El dilatado conflicto con los abogados por el sistema de designación de jueces obedece a la identificación de Alperovich con la democracia hegemónica y a su desconocimiento de una sentencia que declara inconstitucional el régimen que proyectó. En su intento de domesticar al poder destinado a controlar sus actos, no sólo hizo aprobar una ley que le da carta blanca para nombrar jueces interinos sino que también interfirió, a través de terceros. en la elección interna de la Asociación de Magistrados. En medios forenses se citó al ministro político Jiménez y a algunos legisladores alperovichistas como apoyos activos de la lista oficialista “Justicia y Democracia”, encabezada por Ester Valderrábano de Casas. Esta confesó que estaba sorprendida porque había empatado con su antagonista Ebe López Piossek, de la lista “Compromiso”. La elección de desempate disipará las dudas, aunque “Compromiso” será mayoría en la comisión directiva.
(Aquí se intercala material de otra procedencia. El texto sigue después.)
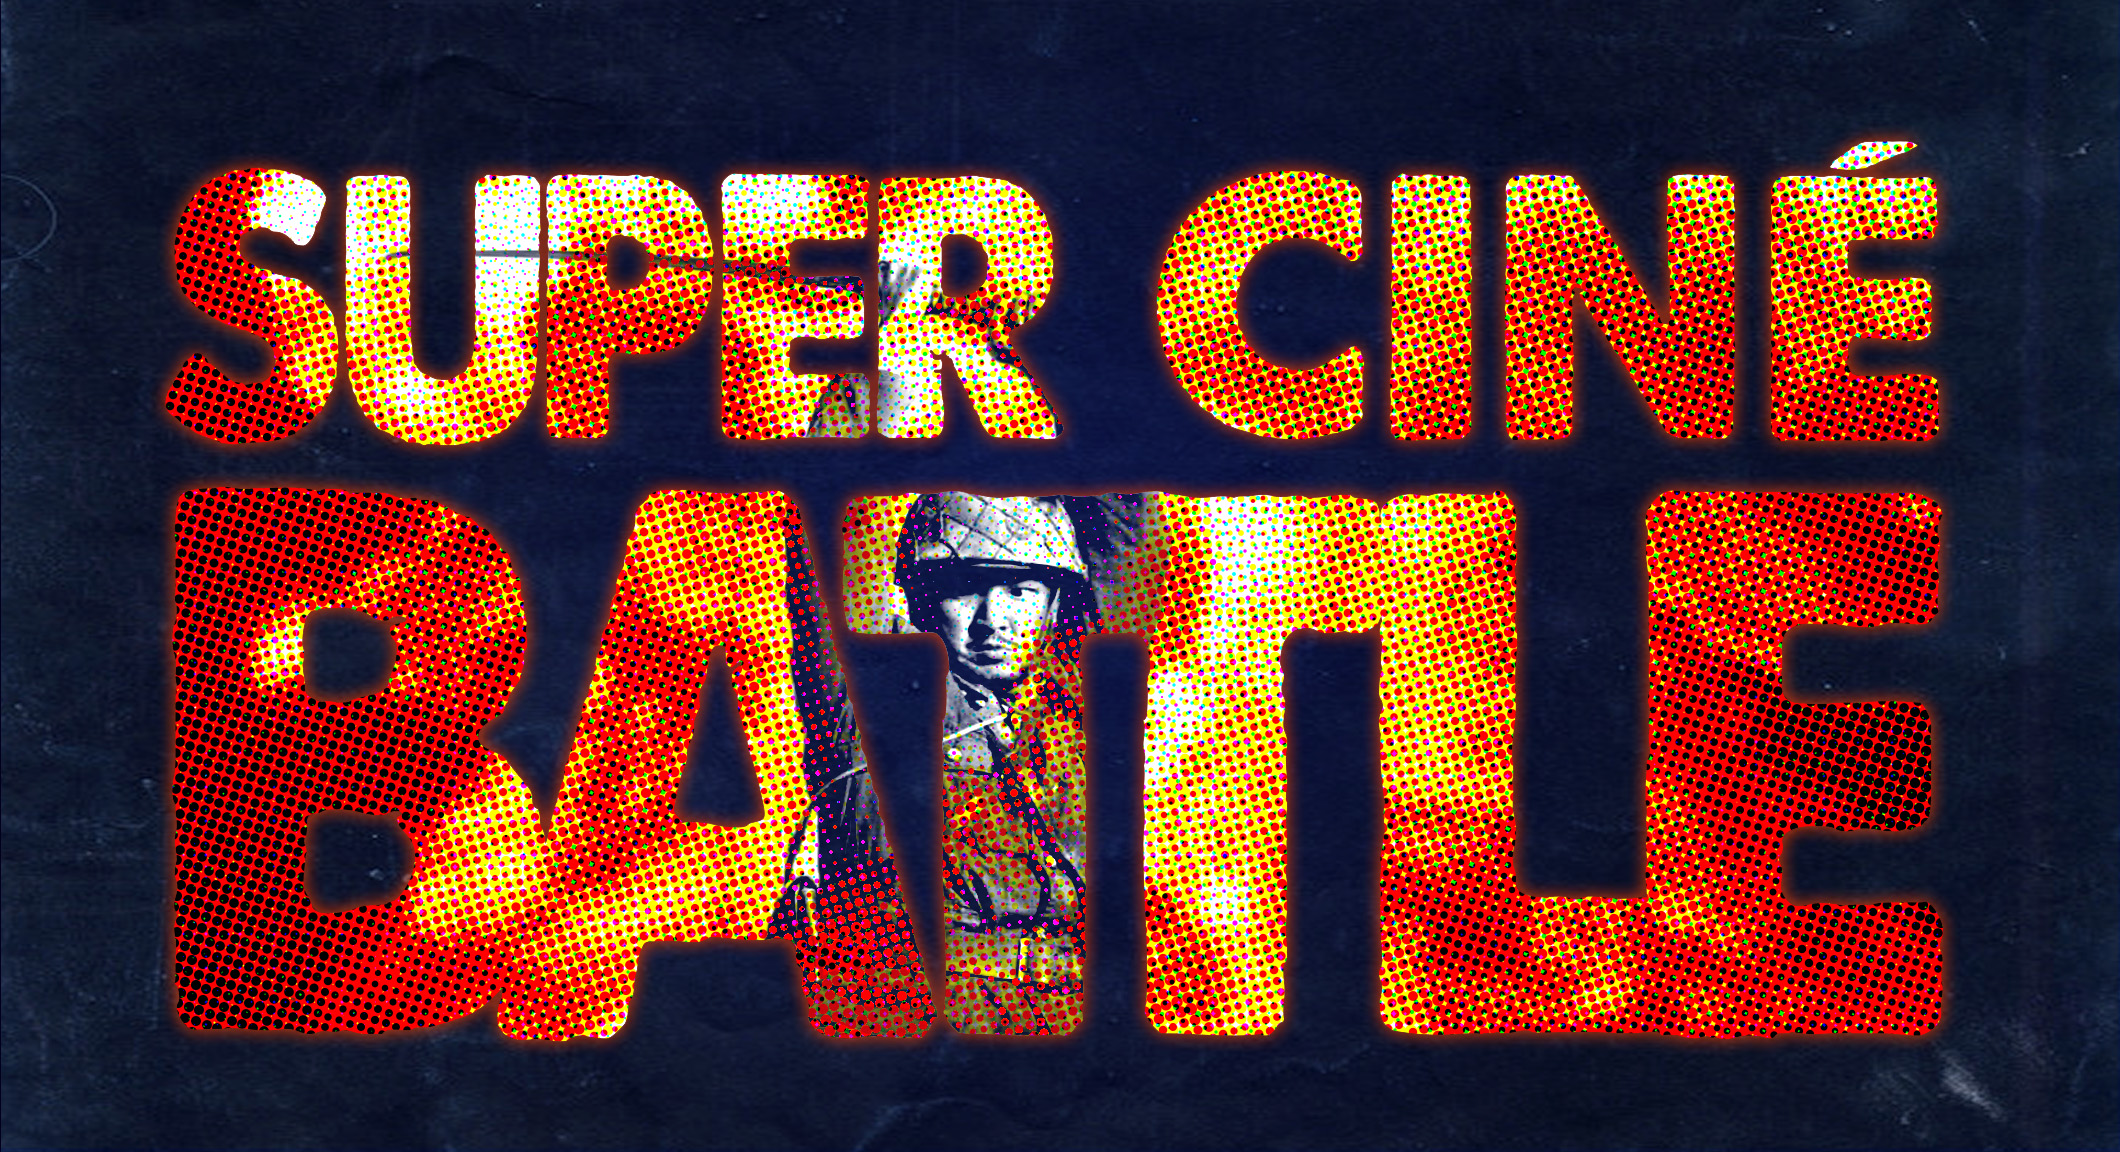 Super Ciné Battle 183 : tombés au champ d’honneur

El Gobierno pelea por todo. La nacionalización del conflicto se produjo automáticamente por la acción de inconstitucionalidad de la ley para nombrar jueces interinos, que radicó el Colegio de Abogados ante la Corte Suprema de Justicia de la Nación. Eudoro Aráoz -titular de la entidad- interesó a la Federación Argentina de Colegio de Abogados (FACA), por el caso tucumano, que reviste gravedad institucional. Está igual que San Luis, el feudo de los Rodríguez Saá.